--- Provided data Enclosed Below ---
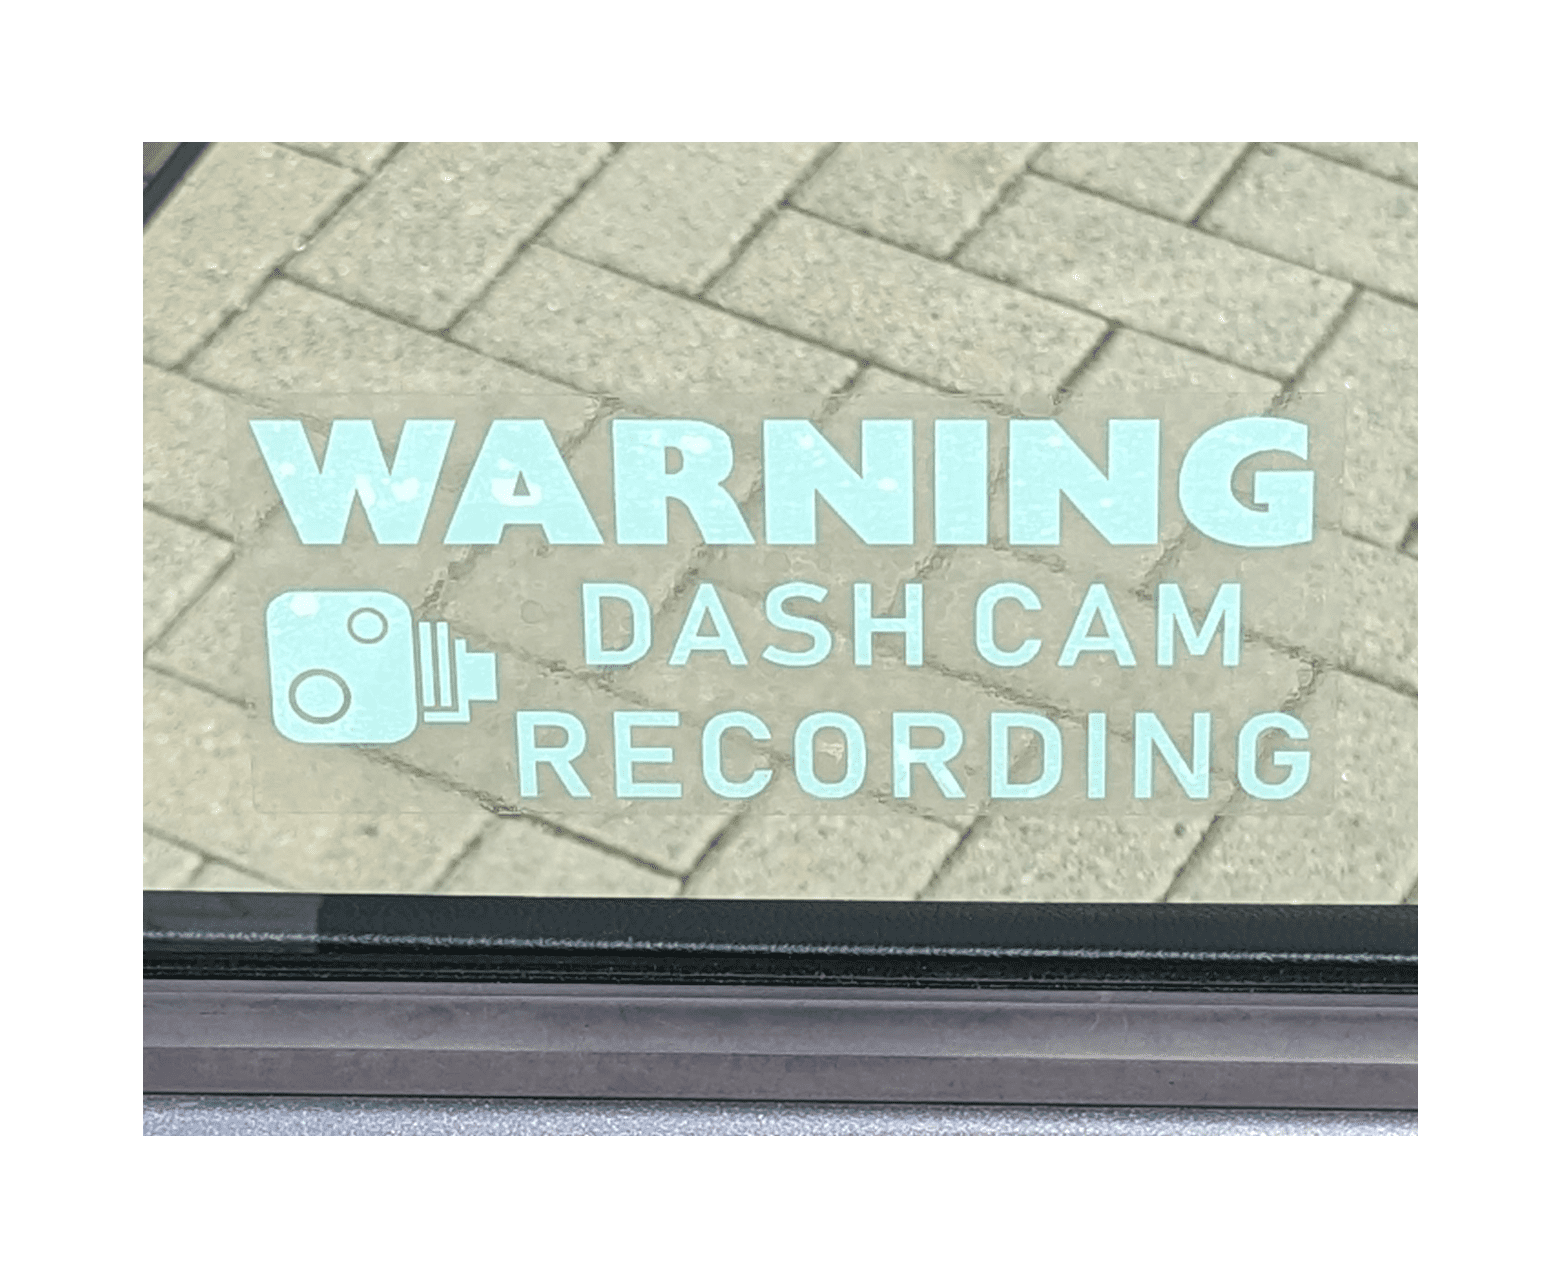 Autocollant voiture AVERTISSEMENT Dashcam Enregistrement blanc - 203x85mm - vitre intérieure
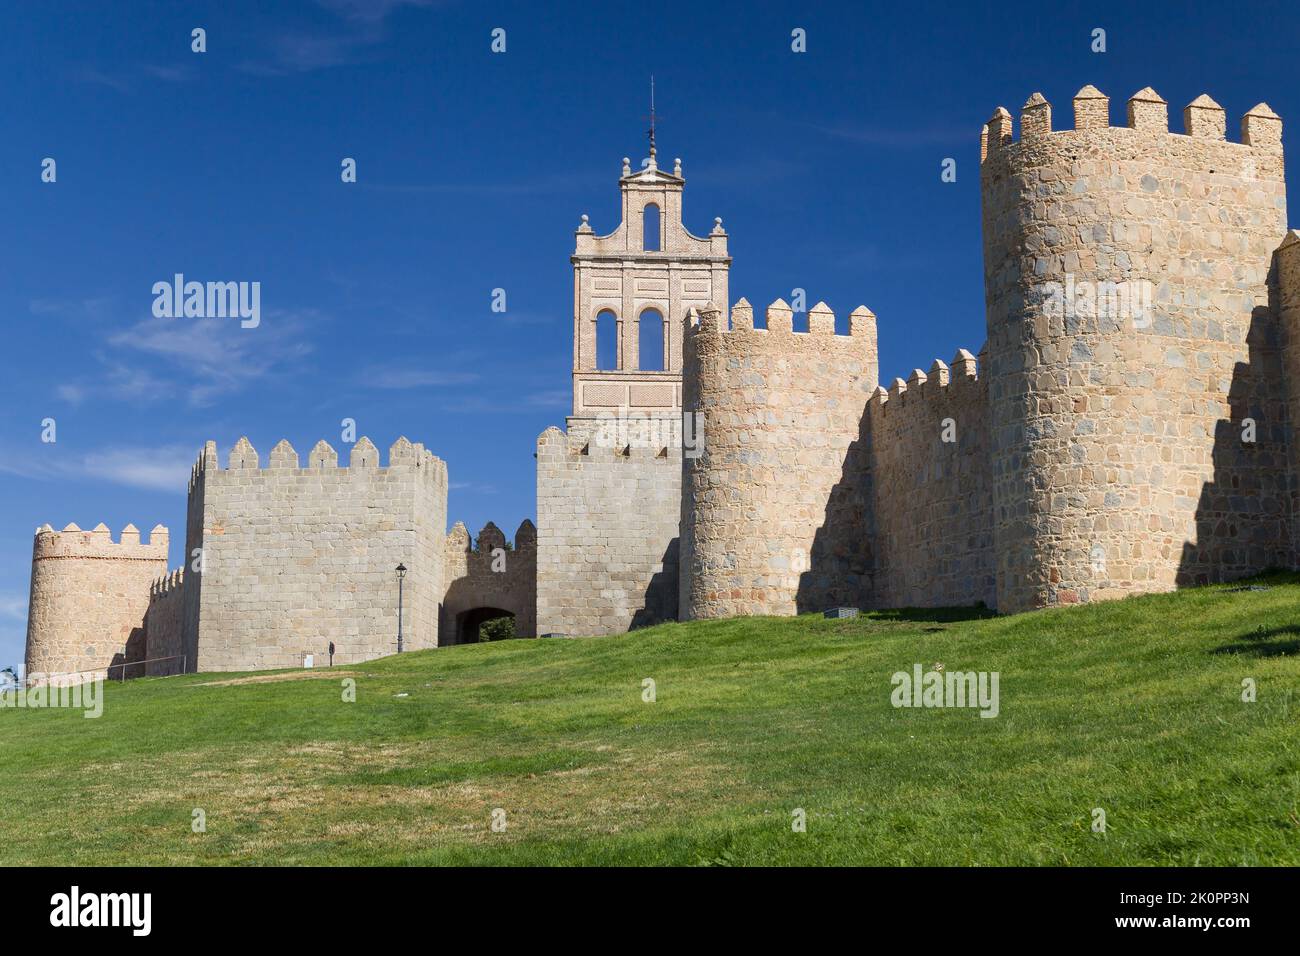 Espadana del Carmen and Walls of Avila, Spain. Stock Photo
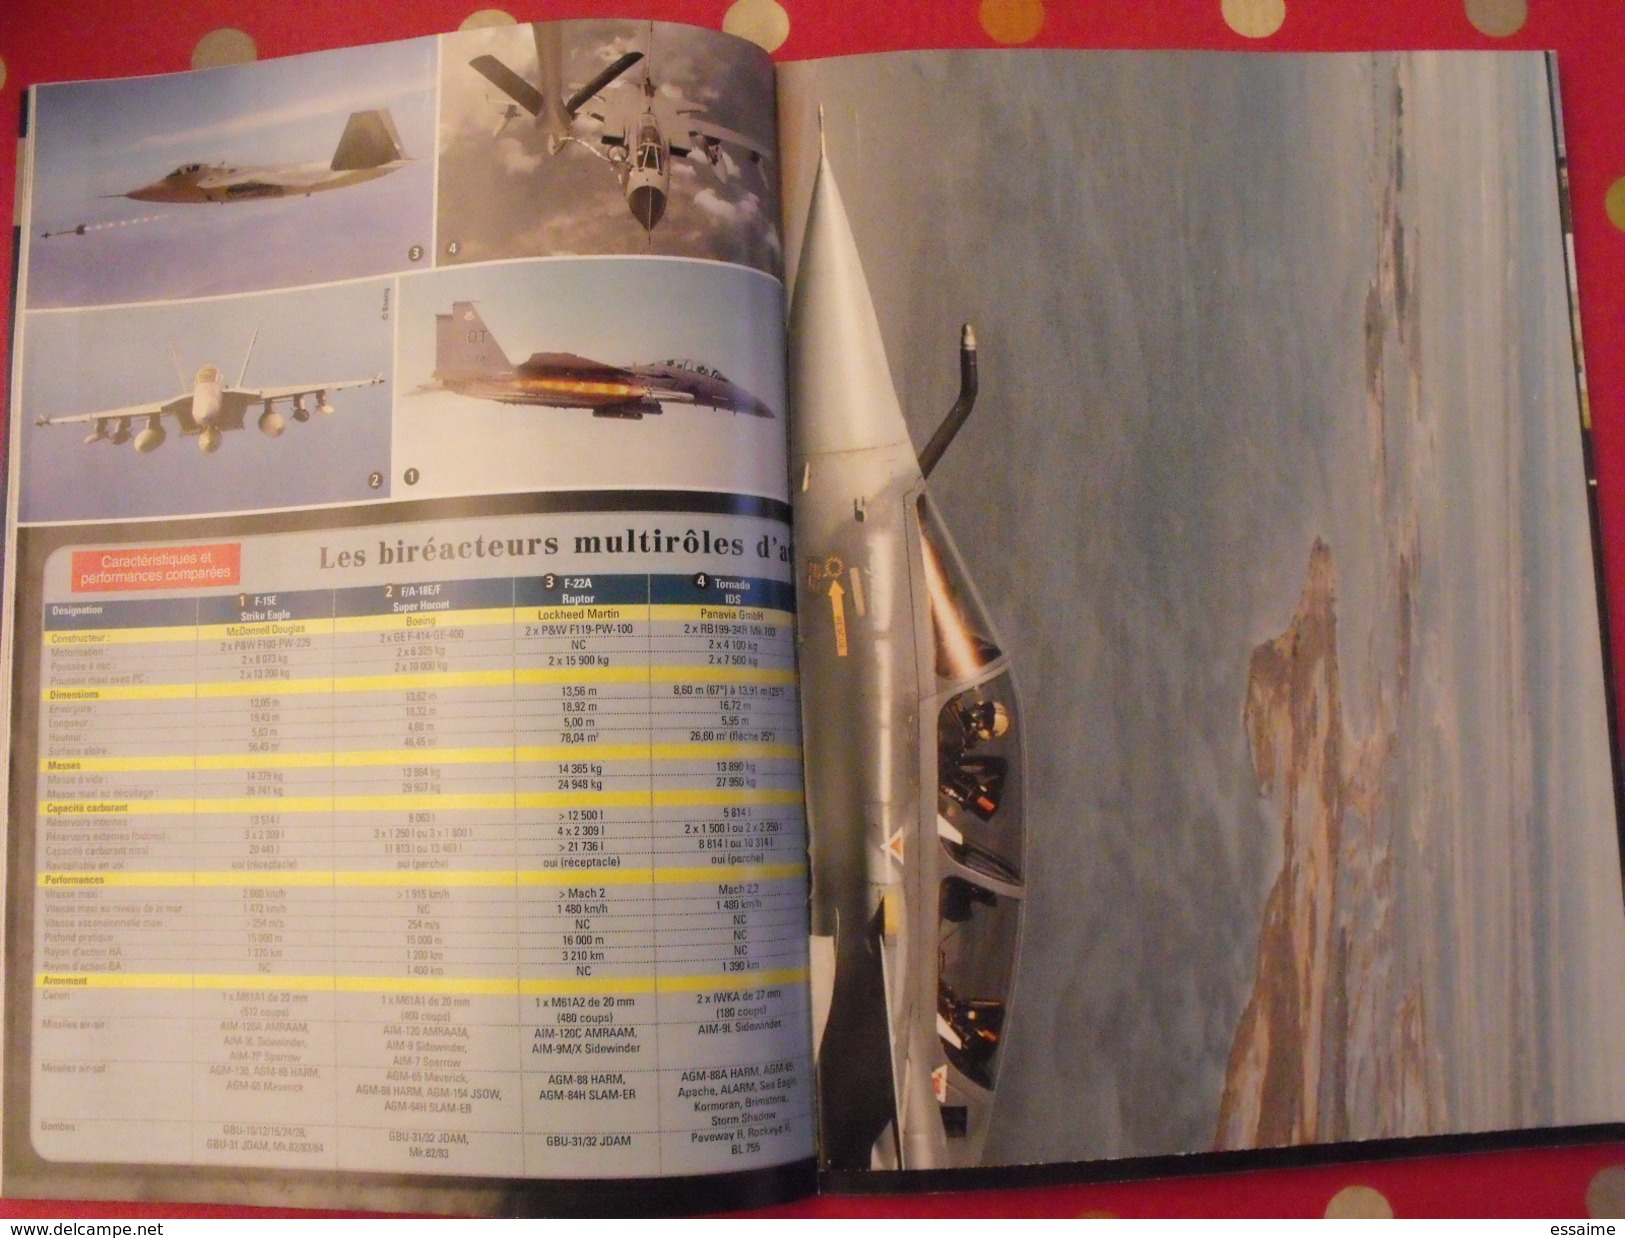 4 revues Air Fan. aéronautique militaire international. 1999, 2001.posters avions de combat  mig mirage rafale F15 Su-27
--- End of Enclosed Provided data ---
> [Instructions for the task]:
From the line with "Espadana del Carmen" through the final line of the data above, copy everything exactly, both ends included, but not the pictures.

> [Result]:
 Espadana del Carmen and Walls of Avila, Spain. Stock Photo
 4 revues Air Fan. aéronautique militaire international. 1999, 2001.posters avions de combat  mig mirage rafale F15 Su-27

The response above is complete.